- _Work to be completed_: Every line that contains the word "Women" is to be copied from the listing.

Provided entries: Begin

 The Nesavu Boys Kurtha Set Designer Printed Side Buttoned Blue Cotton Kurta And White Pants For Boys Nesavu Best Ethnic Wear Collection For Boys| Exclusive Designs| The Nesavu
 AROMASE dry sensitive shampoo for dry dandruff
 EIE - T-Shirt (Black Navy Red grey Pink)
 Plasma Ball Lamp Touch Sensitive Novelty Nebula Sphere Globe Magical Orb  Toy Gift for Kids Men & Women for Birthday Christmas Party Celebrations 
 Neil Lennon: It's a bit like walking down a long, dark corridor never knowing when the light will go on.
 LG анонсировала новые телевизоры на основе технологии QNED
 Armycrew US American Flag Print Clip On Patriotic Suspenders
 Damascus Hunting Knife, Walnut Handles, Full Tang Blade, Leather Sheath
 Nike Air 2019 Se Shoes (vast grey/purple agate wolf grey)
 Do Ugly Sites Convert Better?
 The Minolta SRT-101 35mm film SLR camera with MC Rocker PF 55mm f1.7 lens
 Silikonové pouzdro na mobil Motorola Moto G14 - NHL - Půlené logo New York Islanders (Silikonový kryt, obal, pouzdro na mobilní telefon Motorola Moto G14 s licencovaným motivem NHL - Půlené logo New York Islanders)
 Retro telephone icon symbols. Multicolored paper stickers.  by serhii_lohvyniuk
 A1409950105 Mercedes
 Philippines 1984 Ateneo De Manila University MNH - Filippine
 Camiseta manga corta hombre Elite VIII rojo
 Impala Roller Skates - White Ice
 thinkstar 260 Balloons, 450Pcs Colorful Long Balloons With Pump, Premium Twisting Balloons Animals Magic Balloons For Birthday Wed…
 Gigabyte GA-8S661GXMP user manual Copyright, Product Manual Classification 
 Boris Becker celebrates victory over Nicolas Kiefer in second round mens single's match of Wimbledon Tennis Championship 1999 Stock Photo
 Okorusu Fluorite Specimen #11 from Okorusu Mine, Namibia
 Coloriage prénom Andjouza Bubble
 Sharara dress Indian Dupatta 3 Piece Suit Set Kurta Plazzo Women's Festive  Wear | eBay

Provided entries: End

- _Written answer_:
 Plasma Ball Lamp Touch Sensitive Novelty Nebula Sphere Globe Magical Orb  Toy Gift for Kids Men & Women for Birthday Christmas Party Celebrations 
 Sharara dress Indian Dupatta 3 Piece Suit Set Kurta Plazzo Women's Festive  Wear | eBay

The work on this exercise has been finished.